I am loosing my daily rhythm. I want to get up early in the morning and go swimming before I get in to the studio by 8am. I want to meditate and do writing before I go the pool. These days I get up past 7am even if I am in bed by 10 in hope for getting up around 5am. I don't like when I get up at 7am the minute after I wake up I feel rushed, that I need to get out and start getting things going right away. It works much better for me if I have some time to relax and not get rushed by emails and things on the phone. I want to make tea and just sit down and look outside the window even though my window is facing the back of the building where I can peak at the neighbor's rectangular lappable outdoor swimming pool with a plant-filled covered terrace, the adjacent neglected garden with painted decorative tiles on the wall illustrating something - Brooklyn Bridge? - and rows of two-chair balcony where one opens the door to it the sun reflects right back to my room. I spent most of the past three weeks in the studio and in my small bedroom. I did not take the subway, I did not go to the city, I did not visit friends, I did not go see a movie or an exhibition. No I did spent some time outside of working; I went out to dinners to my favorite local restaurants, to Hip-hop Vietnamaese restaurant for their delicious Pho, a coffee shop, the stroll, the park. I am kind of puzzeled by the ideas between being satisfied and wanting more. If I learn to appreciate what I have and be happy with what exists instead of love what I don't yet have and want more, where is an improvement or an exploration? I want more and want to try more.
Yesterday I did not do much.
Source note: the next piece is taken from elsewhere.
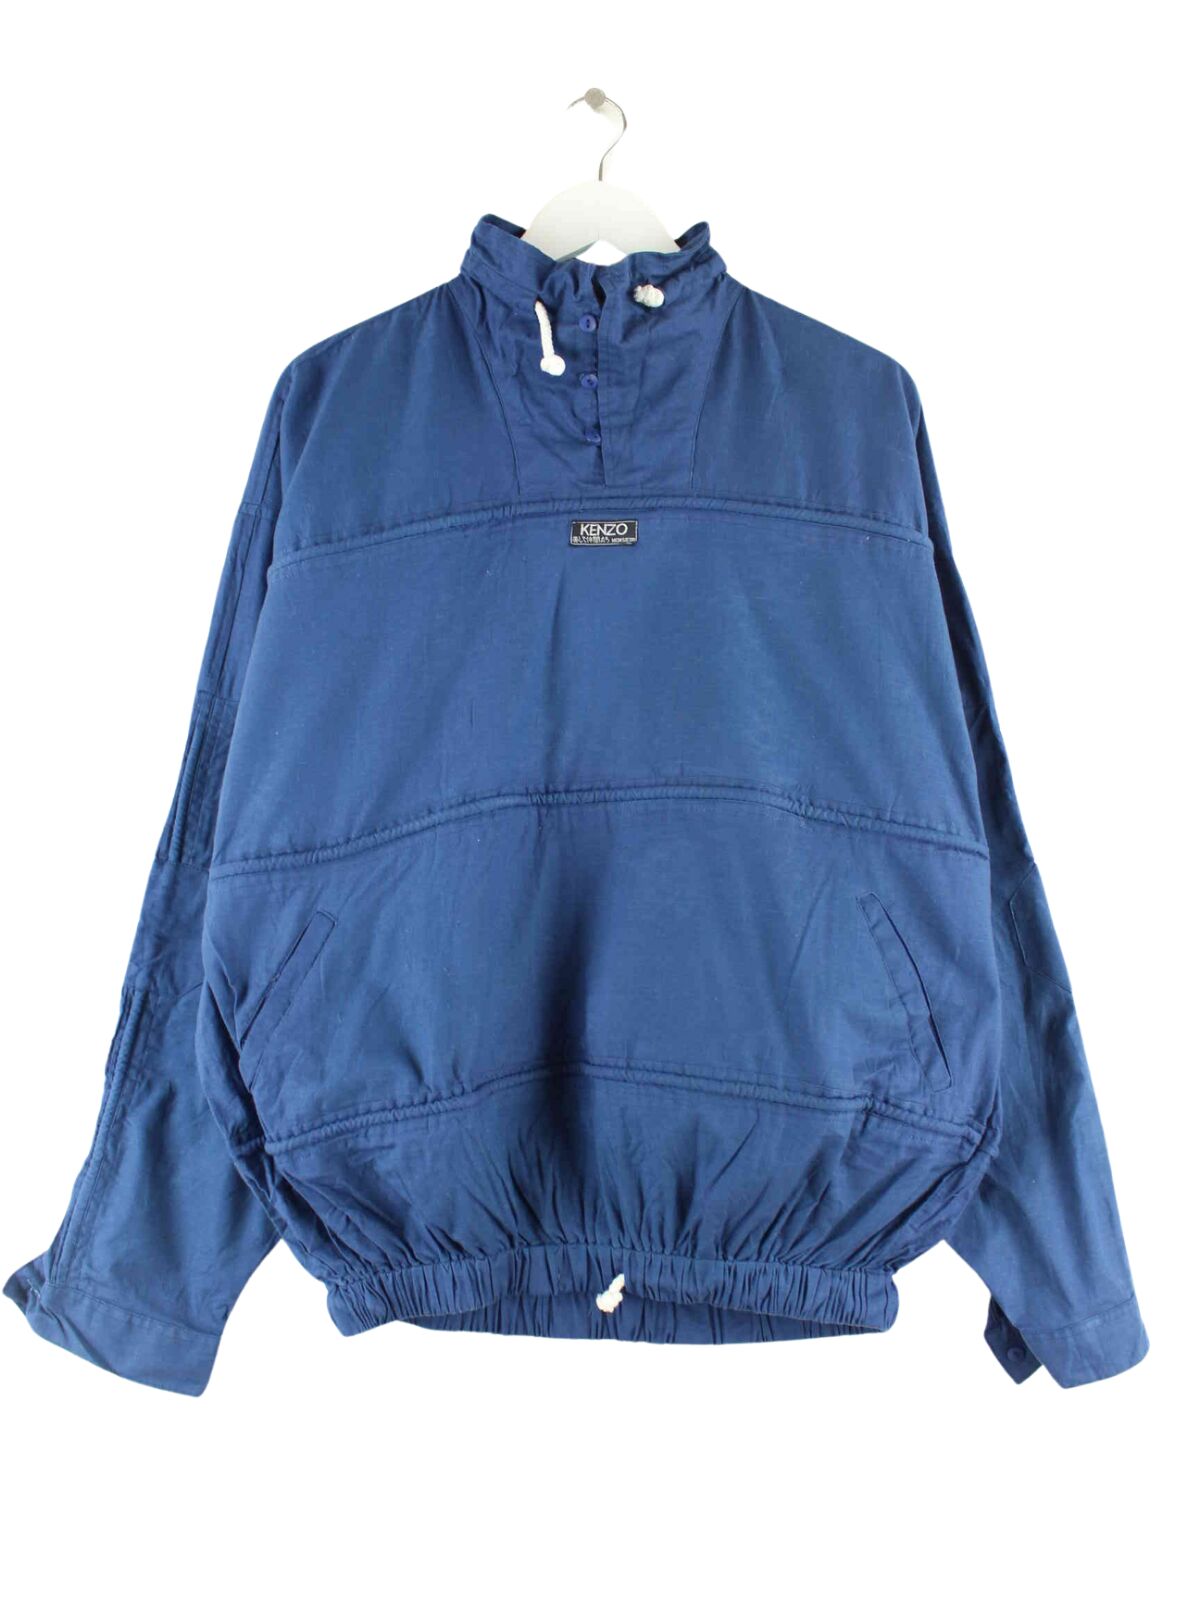 Kenzo 90s Vintage Jacke Blau M (front image)

I threw one more of the tall bottle because I broke one and I like making more than the exact quantity because there can be cracking and glaze faults. Its my baker's dozen - a potter's dozen. It is the piece I make in two parts so I made the bottom and then the top and have them rest to firm up. The kiln temperature was still high and I had a few more hours to unload. I worked on my laptop and it was already past 2pm. I was tired. The thrown pieces are still too wet to assemble. The kiln is still cooling down and the recycled clay on the wedging table is also still wet. I decided to take a few hour break and headed home for lunch and a rest. I fell asleep with a book in my hand and woke up after over an hour. I kept the computer at the studio to have another reason to go back. I did not particularly feel refreshed after the nap but back at the studio I assembled the two parts, unload the kiln, load another bisque firing, wedged up the clay, cleaned up and left.
I prefer not to have tight deadlines. I started working on this project last year while I was working 3 days a week in the city. When I made the commitment I knew it was going to be tight and asked for an extension which got me an additional week. Still, I thought being able to work full time in my studio would dramatically help me with the time line. Sure it does but not so much like I hoped. What can I do differently? Get a help I think. it's better to start getting a help when I am not pressed with time. I can also think that this is natural that I feel pressured because it is a challenging work for me. I would probeably not be satisfied if I was working on things I have already known how and feel that I should be doing more, something new and something more than I would feel comfortable with. Otherwise where is my challenge and where am I going from here?